■ **Collected material**:
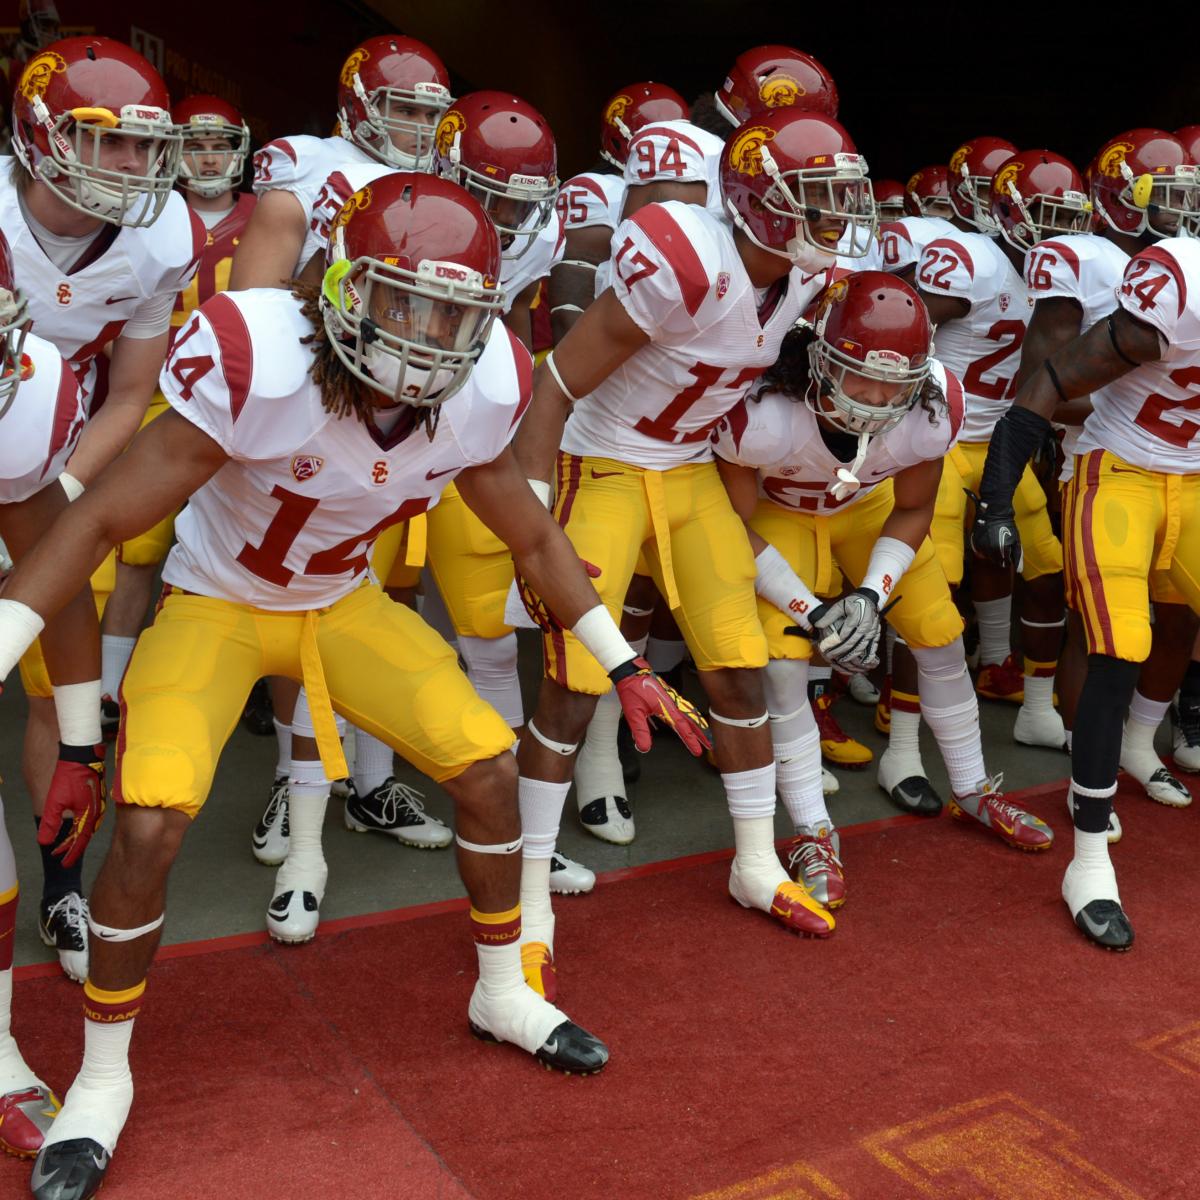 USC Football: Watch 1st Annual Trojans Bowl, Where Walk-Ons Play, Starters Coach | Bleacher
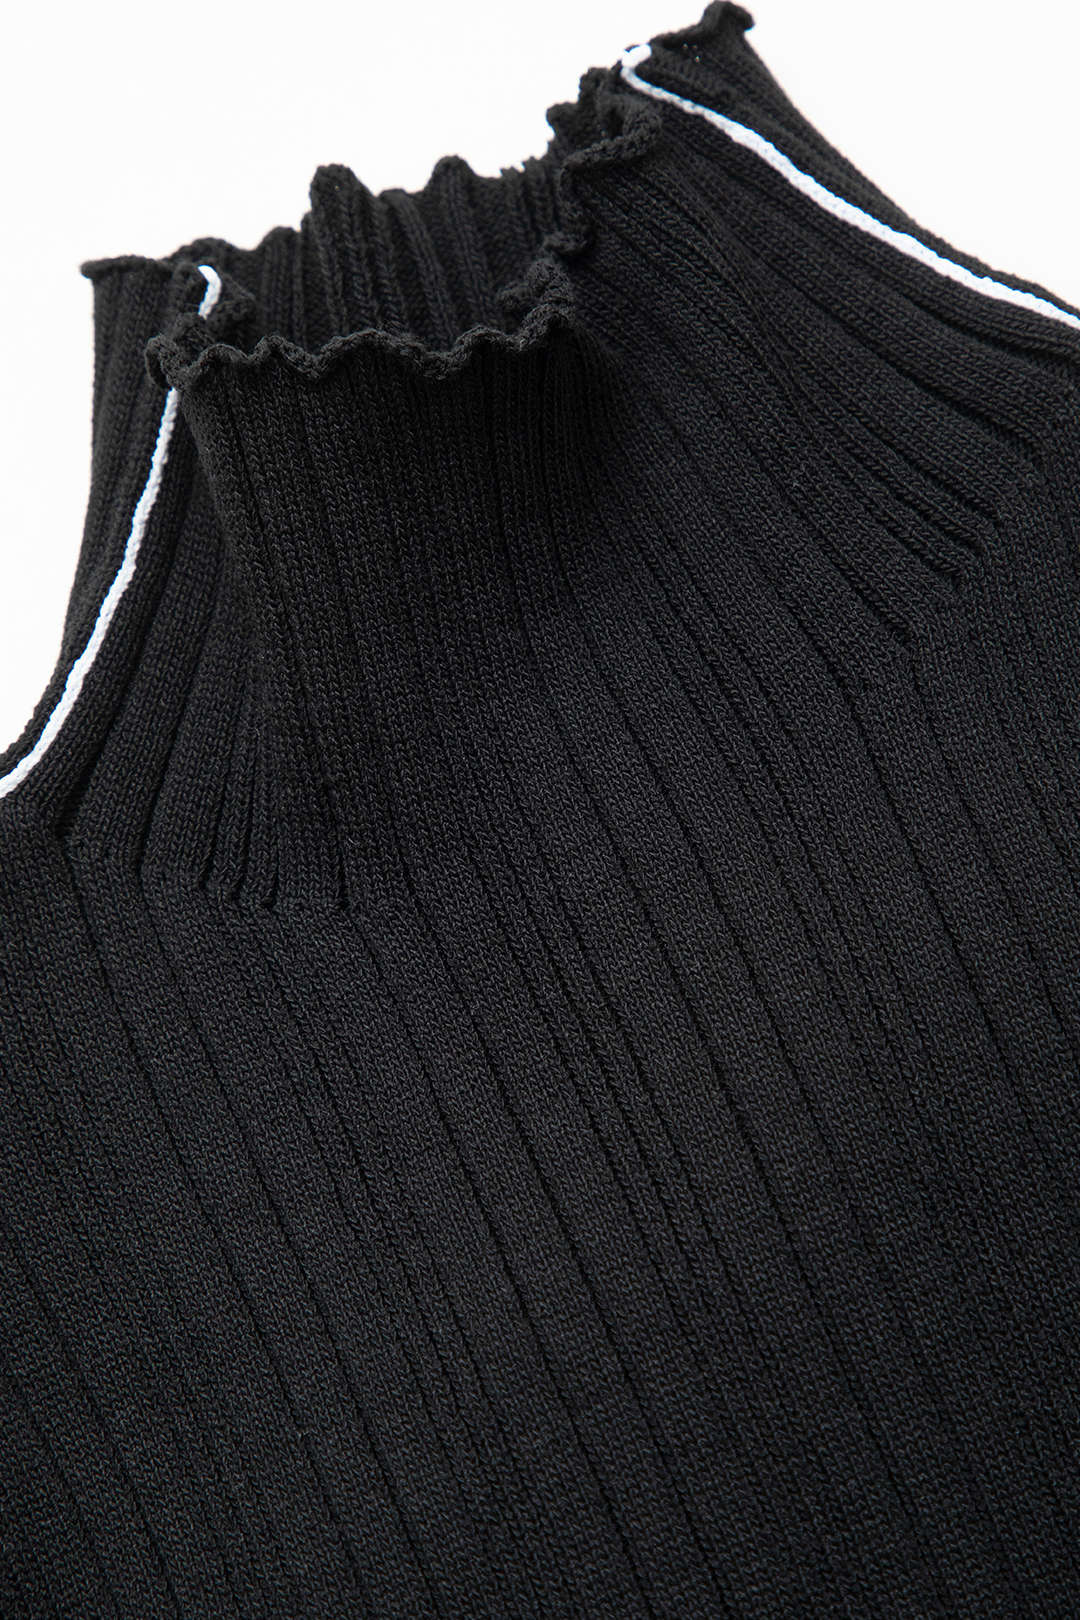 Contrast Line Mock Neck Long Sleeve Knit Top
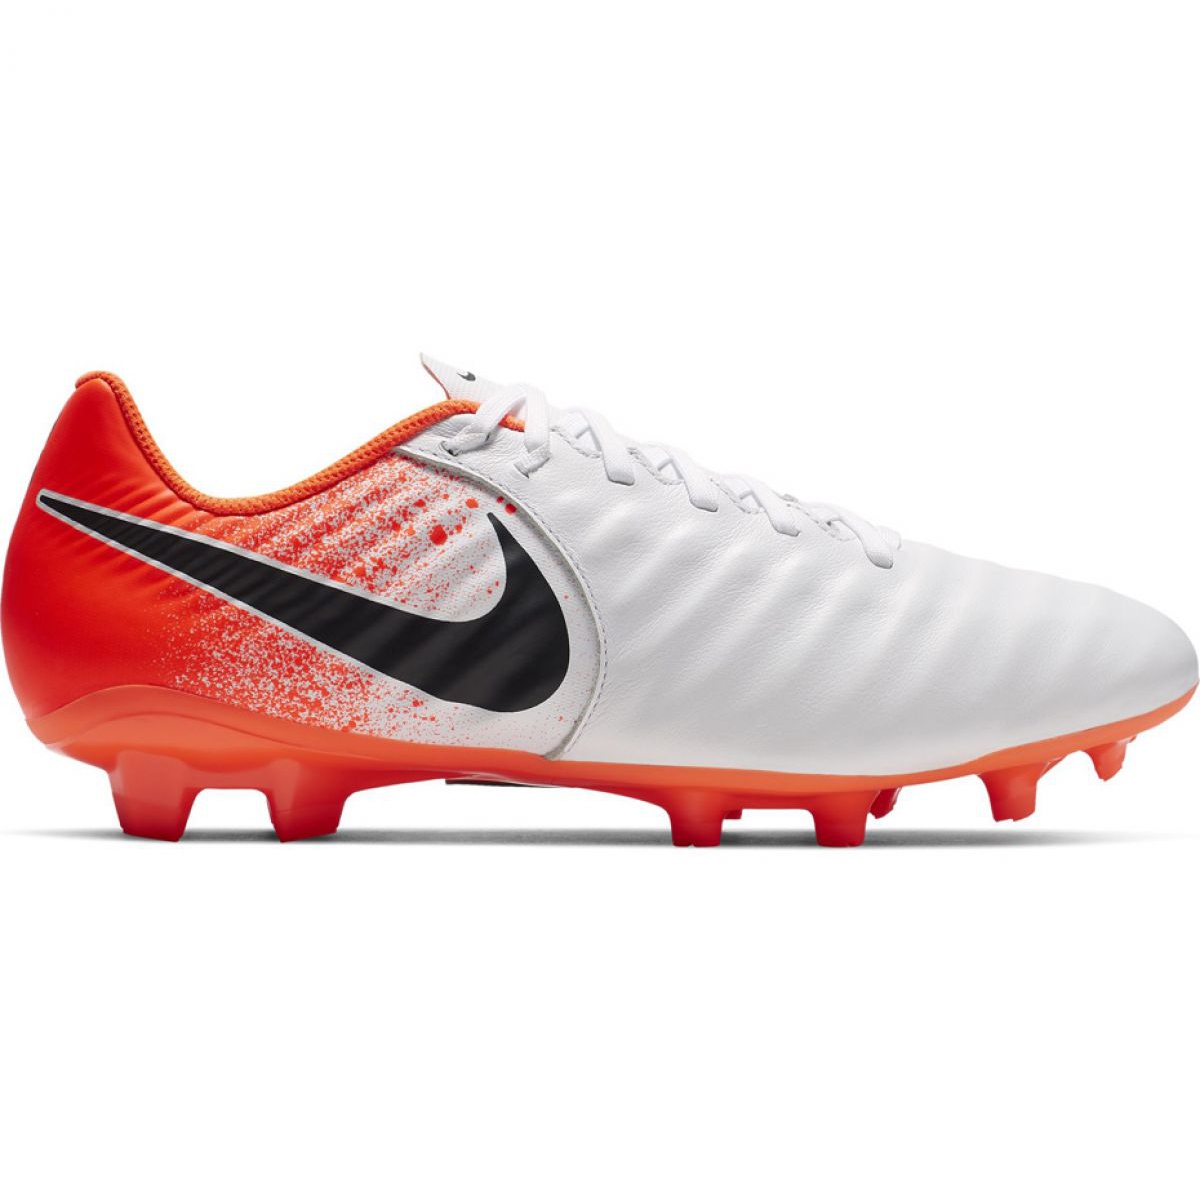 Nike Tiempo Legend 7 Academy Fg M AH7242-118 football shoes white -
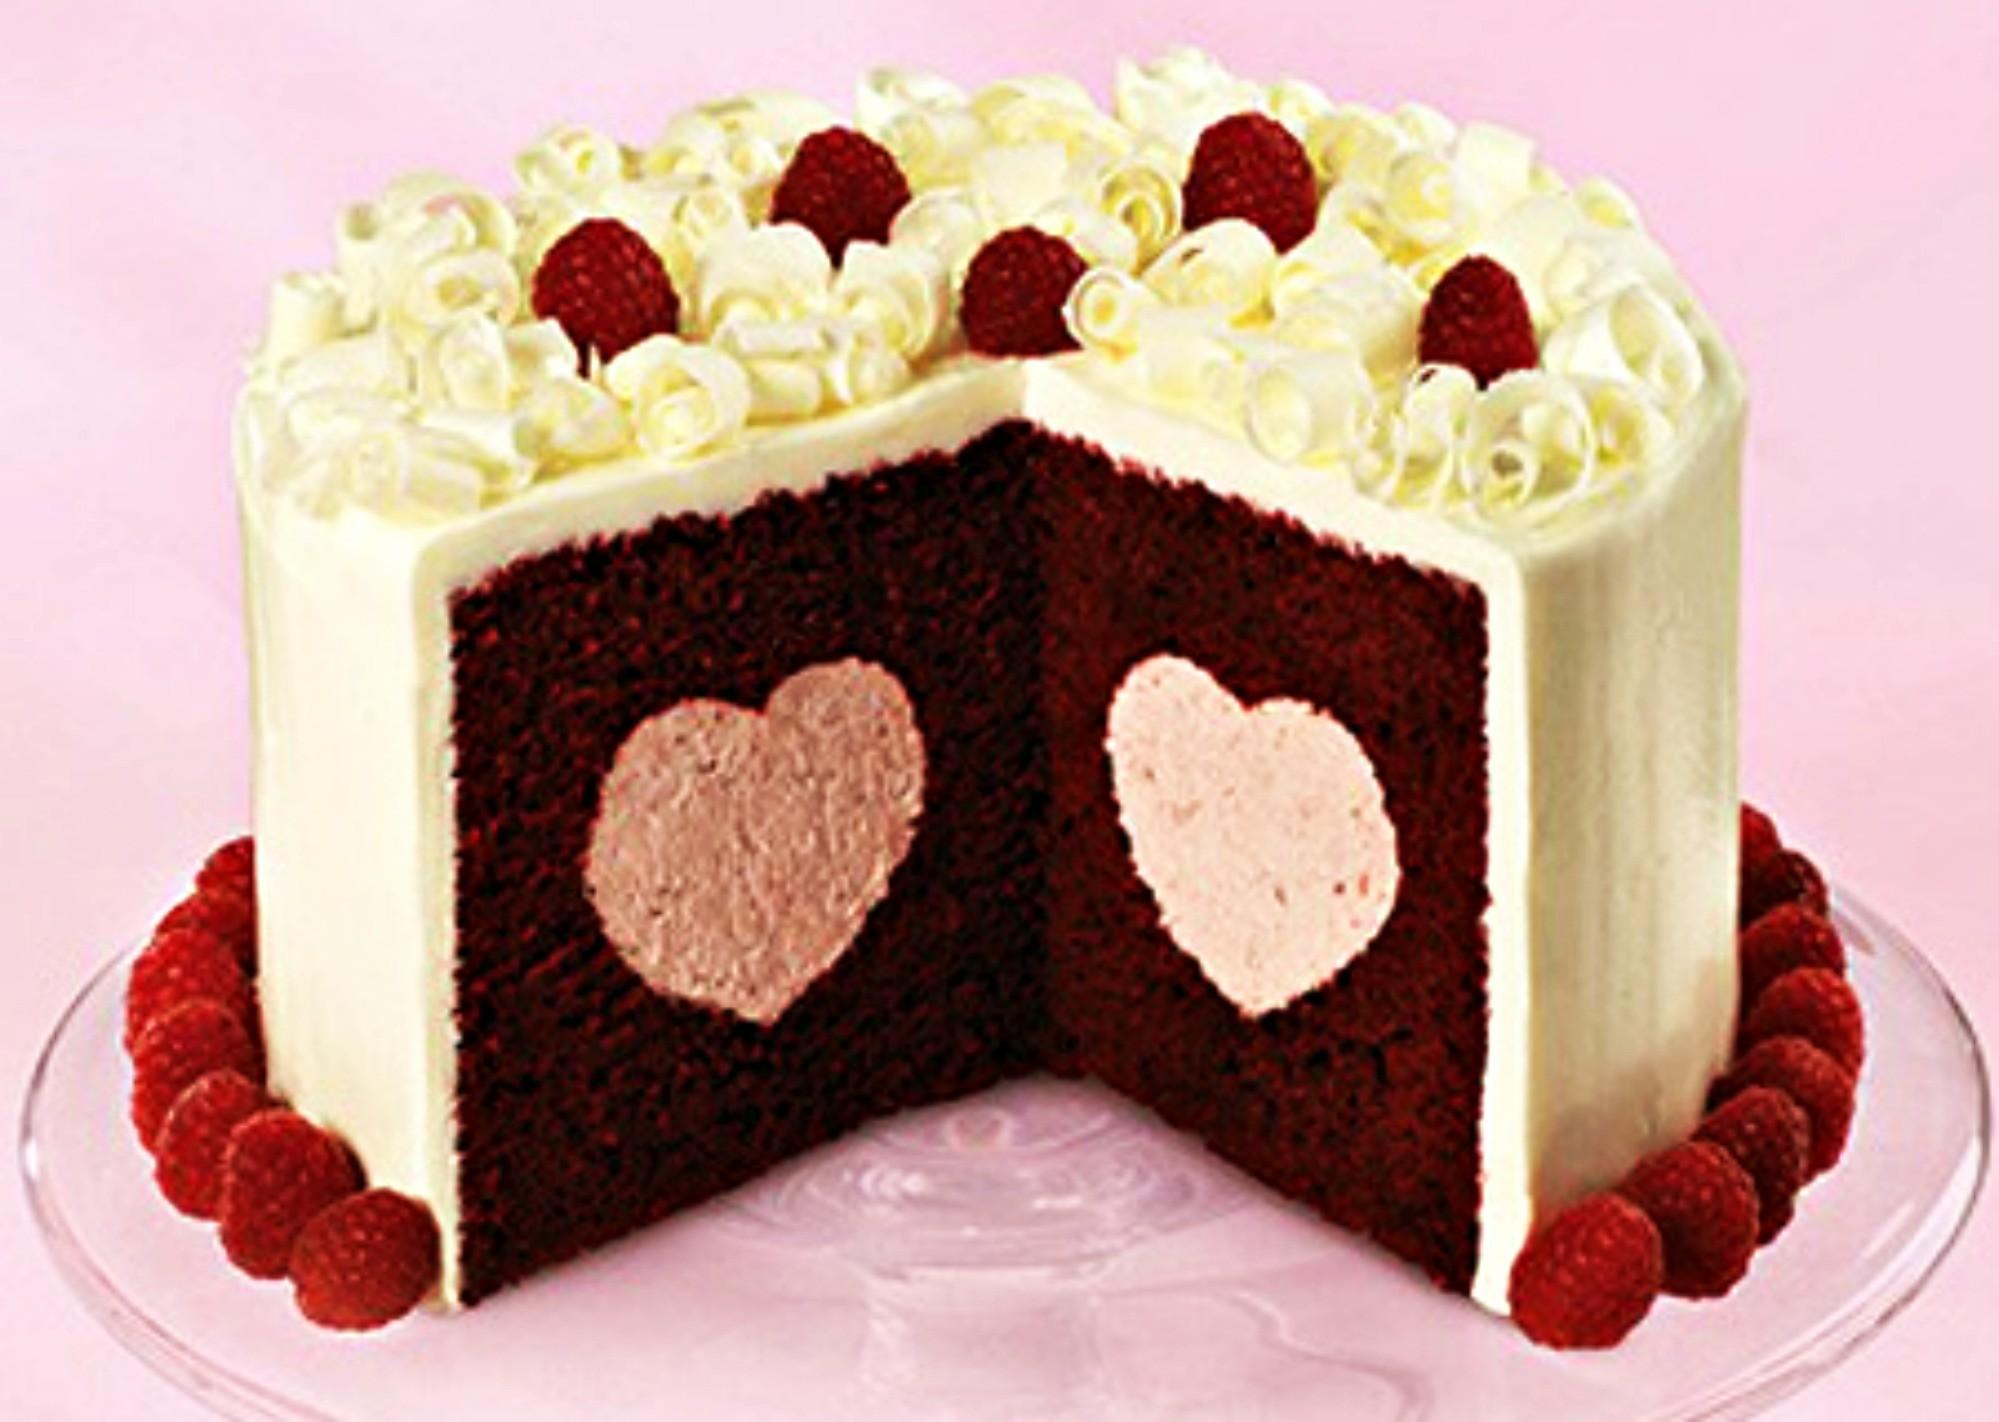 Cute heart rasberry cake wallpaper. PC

■ **Instructions to follow**:
Pictures are not part of the copy. Restate everything else in the listing word for word.

■ **Output of the task**:
 USC Football: Watch 1st Annual Trojans Bowl, Where Walk-Ons Play, Starters Coach | Bleacher
 Contrast Line Mock Neck Long Sleeve Knit Top
 Nike Tiempo Legend 7 Academy Fg M AH7242-118 football shoes white -
 Cute heart rasberry cake wallpaper. PC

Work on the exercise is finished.